No candidacy is perfect, but I think we stand at a historic watershed, a unique chance to make a decisive choice about our collective future.  For the first time in a long time, I have the feeling we can make real change, that we can put a leader in place who will break the mold and help steer this country back to a progressive, humanist track, who will reinvigorate the notion of people working for the common good, not just for free market "enlightened" selfishness.  It will take a lot of work from all of us.  When I saw Jim Hightower speak a few years ago, he said every generation has its epic challenge, and that we should be joyful that we have this chance to fight to make a difference.  It's easy to be cynical.  And I'm the first to admit the Chimp's administration has made me so furious, it's hard not to let that rage seep into my political discourse.  Obama offers the high road, not with blinkers on a la Kerry, but a high road with a willingness to be sufficiently pugilistic when necessary.

No candidacy is perfect, but for the last seven-plus years, we've seen the disaster unfettered and unprincipled leadership brings.  It's past time to make a change.  I'm on the bus.

Mar. 13th, 2008

[politics] Spitzer, moral authority, and the hypocritical society

Like many people, I reacted to the news of Eliott Spitzer's downfall with shock and disappointment.  Here was a guy who appeared to have a rock-solid record as a strong progressive leader with a scrappy background as a prosecutor.  The first thing that went through my mind was, "What the hell?  How could he be so stupid?"

$80,000 worth of stupid, according to the reports.
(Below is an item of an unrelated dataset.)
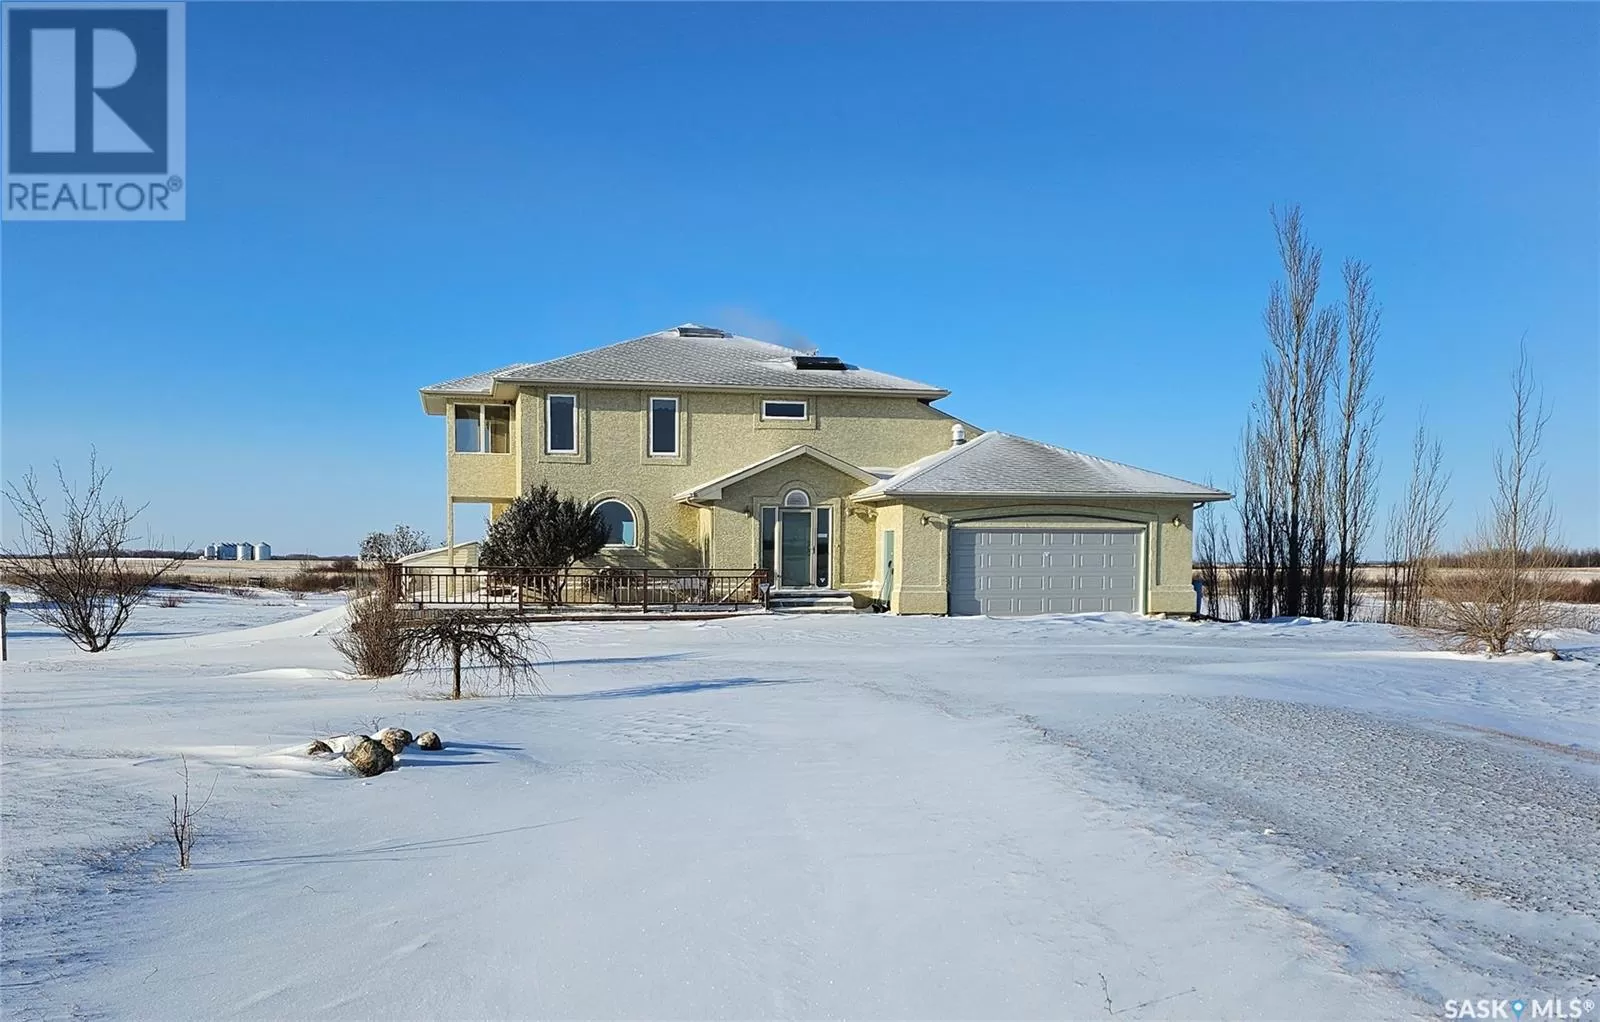 House for rent: Chen Acreage, Corman Park Rm No. 344, Saskatchewan S7K 3J5

My wife observed that the call girl in question earned more in three hours than she clears in a month.  A thousand dollars an hour is a pretty good rate, I must admit.

One of the fundamental attributes necessary for a democratic government is moral authority, wherein our elected officials provide leadership by example.  Spitzer, because of the inherent hypocrisy in engaging in the very acts he once so vigorously prosecuted, threw away his moral authority to lead, and threw it away on such a profound level that his continuing in office would have been unworkably disruptive (in no small part due to the endless shrieking of Republican harpies who seek to protect us from immoral leaders who do not belong to their own party).  The difference between what Spitzer stood for and his choices to hire prostitutes offers such a stark contrast that it puts him on an extraordinarily high level of scandal.  Cue critical mass of outrage.

I note that the calls for resignation of Larry Craig and David Vitter and even Mark Foley did not reach the frenzied pitch of those aimed at Spitzer this week.  Double standard, anyone?  Or maybe (since the Democrats seem to resign faster these days), Dems just hold themselves more accountable than the Republicans.  Hmmm.  Naah.

My second reaction to the news was, "Why so much effort on this sting?"  Given the very rare use of federal wiretaps in this sort of circumstance, the effort here seems...unusual.  I can't help but wonder whether politically motivated prosecution is in play, especially with the history of the current administration trying to push law enforcement pursuit of Democrats while shielding Republicans from the same standards of scrutiny.  Let's just say I view anything this administration does with the highest degree of skepticism.

Glenn Greenwald points out, quite elegantly, that how interesting it is that when two consenting adults engage in sex, but one of them pays, the act is shameful and wrong and illegal, but when two consenting adults have sex and both of them are paid, it's legal.  He does, of course, distinguish the circumstance of forced or coercive prostitution.